Maybe LLMs (or their next-gen replacements) will eventually become good enough that you'll get the same output every time for those 100 prompts, or at least close enough and functional enough for it not to matter. But we're not there yet, and I think that's a big huge "maybe". In the meantime, skill atrophy among programmers is a real, reported phenomenon with the current crop of LLMs. That is worrying.

Those with high agency may have even greater agency, but I can also see the inverse effect.

The world average is 25% work on farms. In 24 countries the percentage is greater than 50%.

It's still over 43% in India, 20% in China, 2.5% in lots of Europe.

They'll do some other engineering like thing...

Maybe like work in space tourism industry to Earth-Moon 5 Lagrange points.

But your last sentence is talking about something completely different: the current reality, which most of the tech CEOs and AI boosters refuse to engage with.

For those of us in the fact-based world, the idea that AI will replace most human jobs is still just a talking point. It's a future possibility (not a future certainty).
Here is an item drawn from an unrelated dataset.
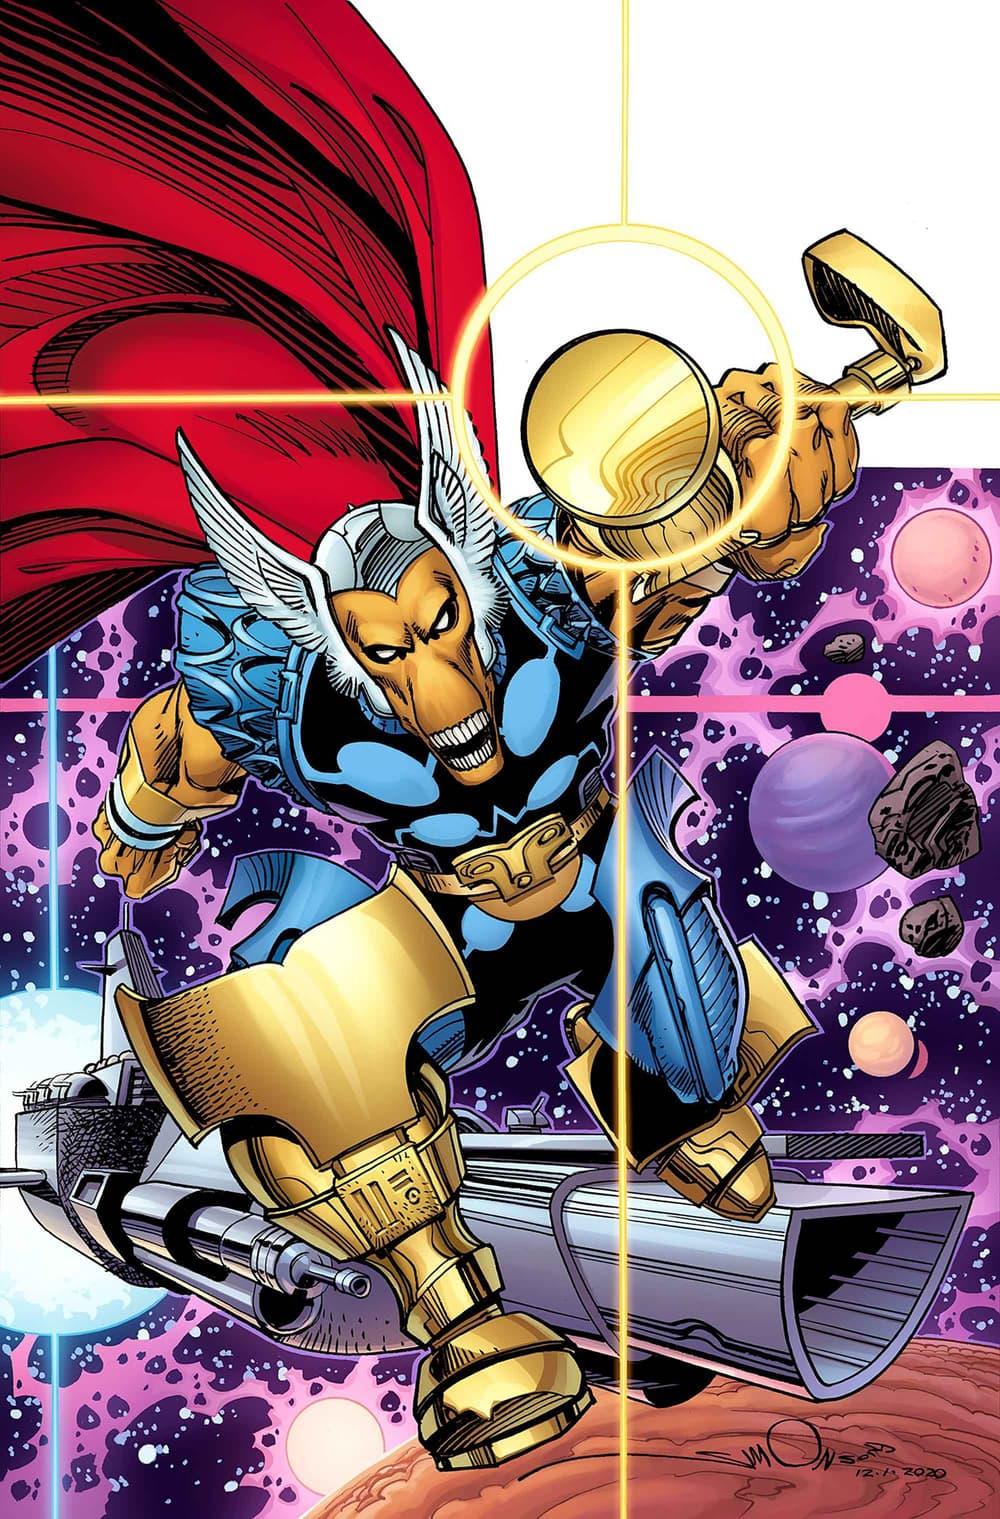 Beta Ray Bill variant cover by Walt Simonson
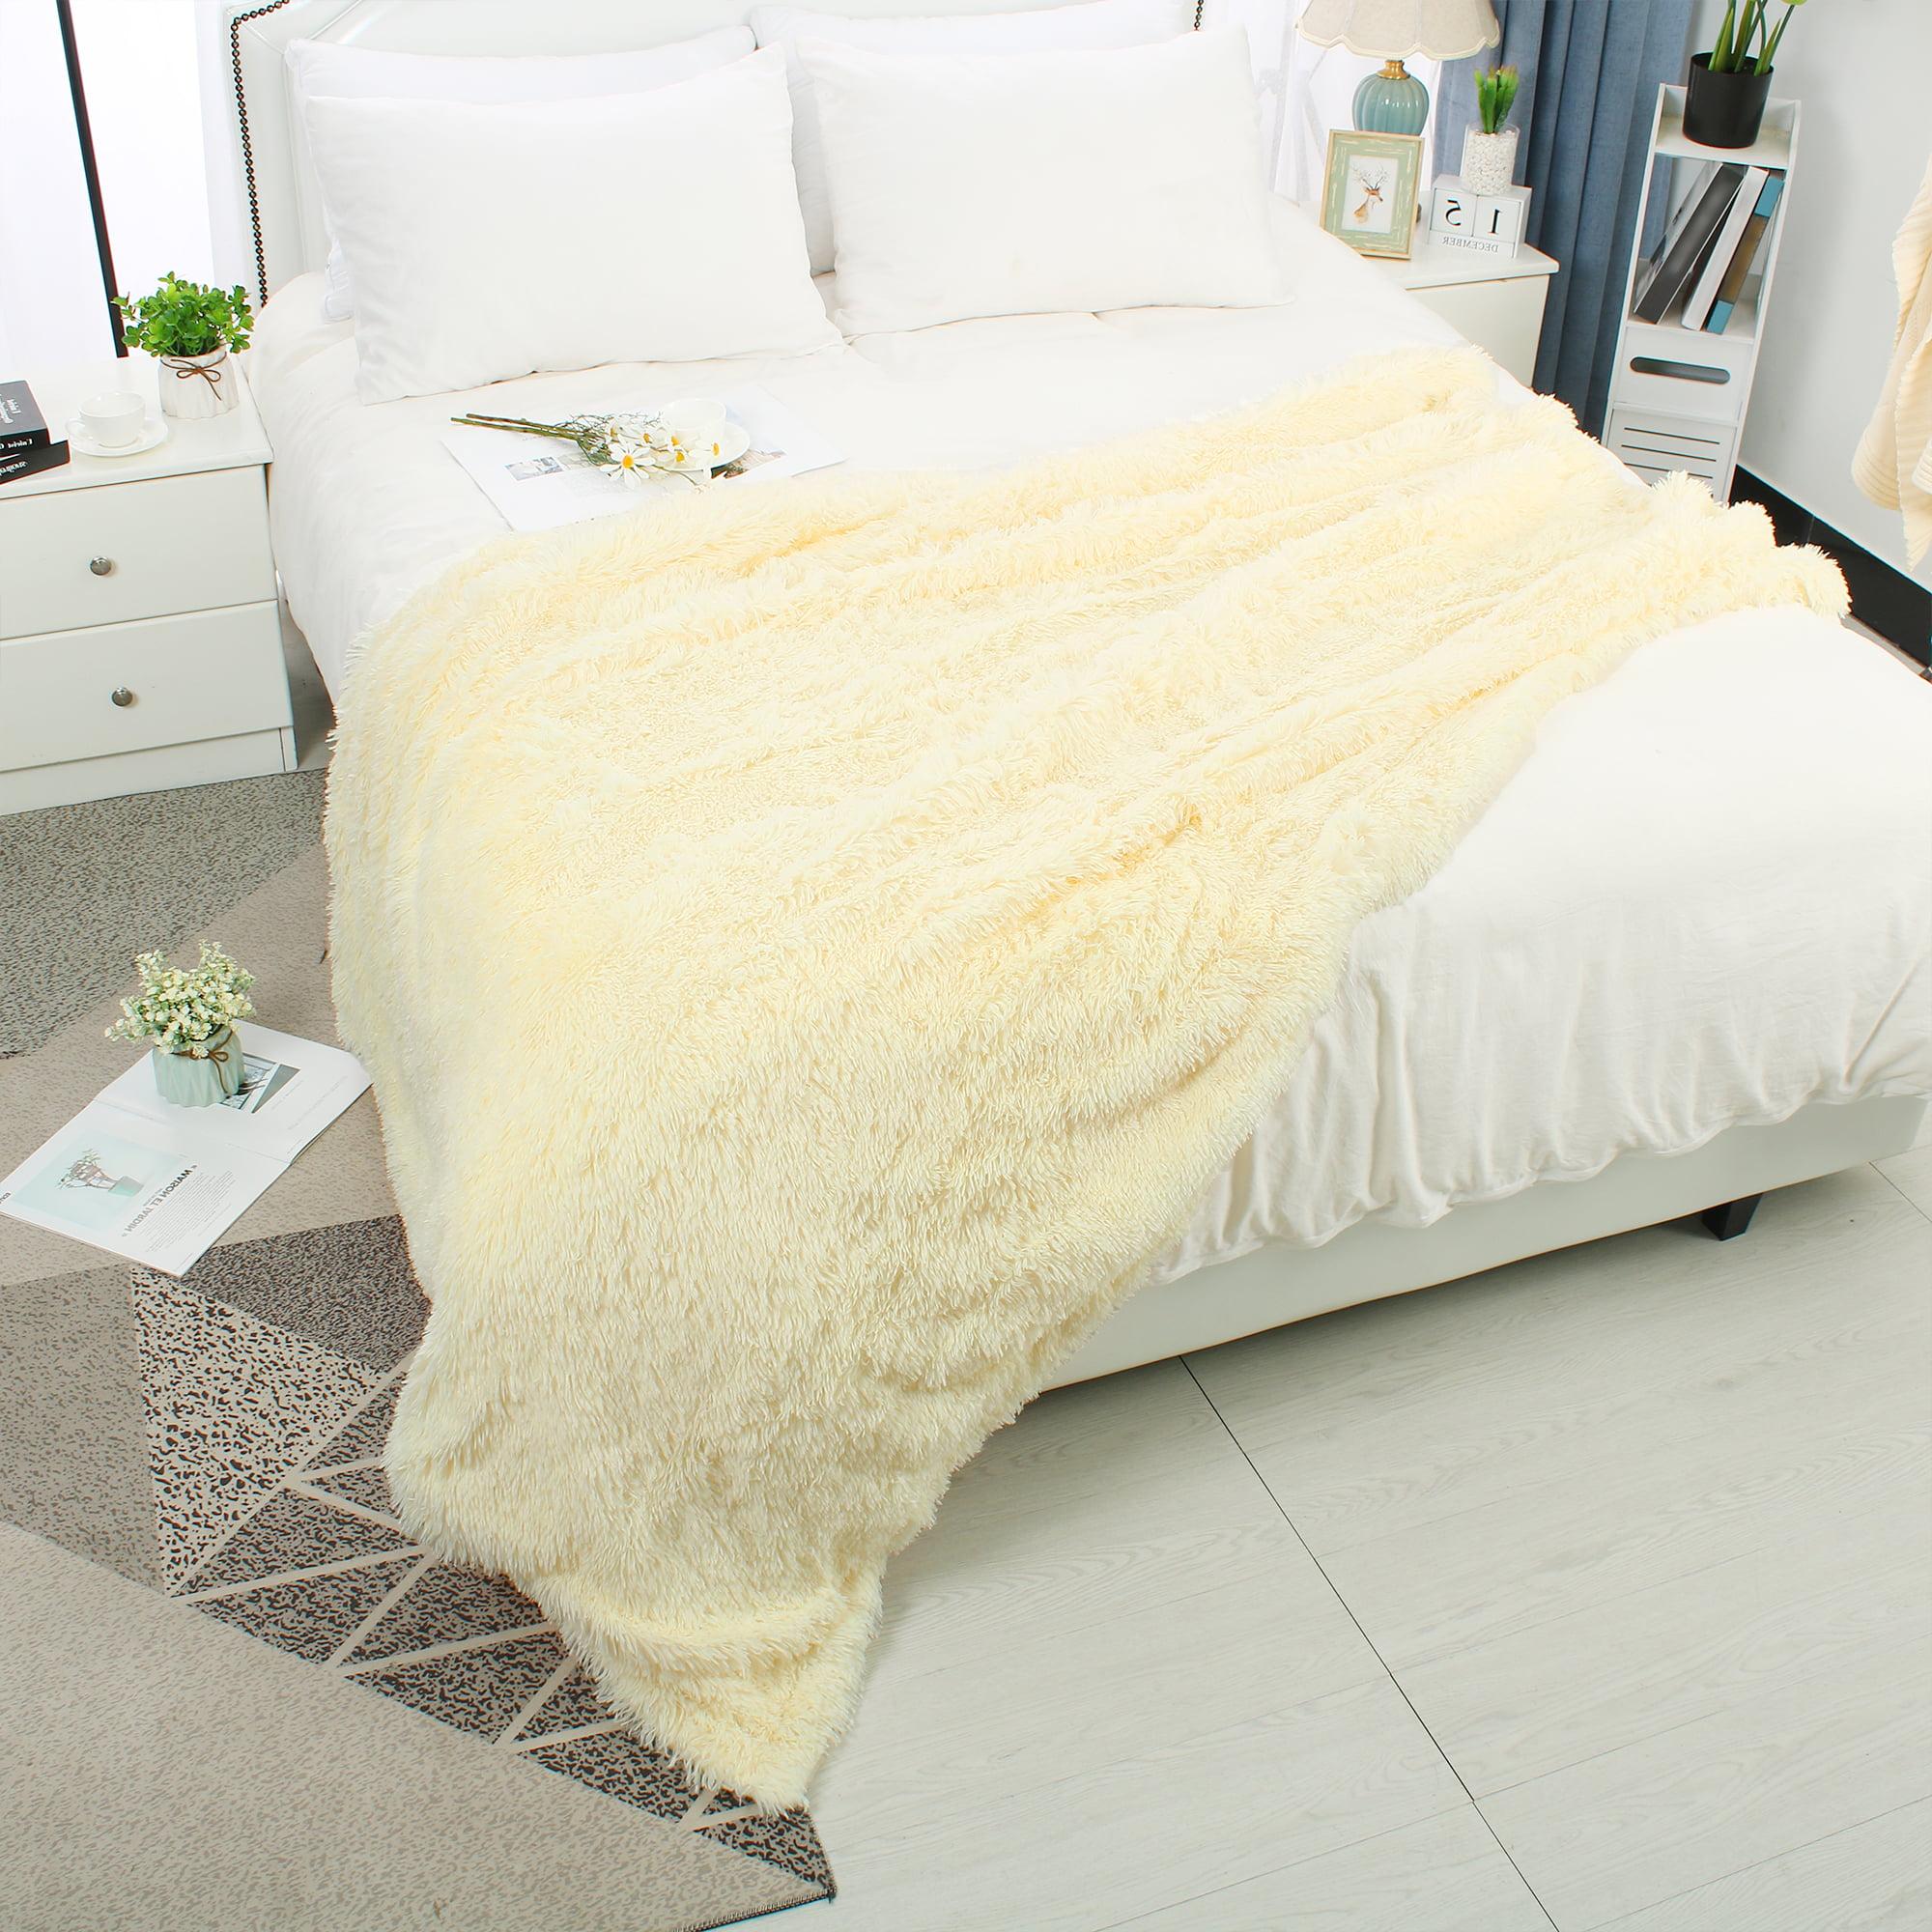 "Soft Decorative Long Shaggy Faux Fur Plush Twin Size Blanket,59"" x78"",Khaki"

But it's enough of a possibility that we need to be talking about it, and not just airily dismissing the concern as something that will obviously work itself out without any real problem.

Even if 99% of the current programmers go the way of 99% of people who were farming in 1750, you have to remember that a huge percentage of the farmers who were made redundant by industrialization and modern farming methods fell into destitution; many died penniless. That's not something that seems either wise or compassionate to just handwave away!

> many died penniless.

99% of people died penniless in those times...

That's...really not true.

Farmers prior to this time, in particular, would have passed their lands on to their children, and that would have been a vital source of livelihood for them.

In every agricultural->industrial transition I’m aware of, the kids are desperate to get out of farming and into the higher paying, less arduous industrial jobs.

Sure?

I'm not sure how that's related, though.

Inheriting that farm from Dad was not “vital” to their livelihoods.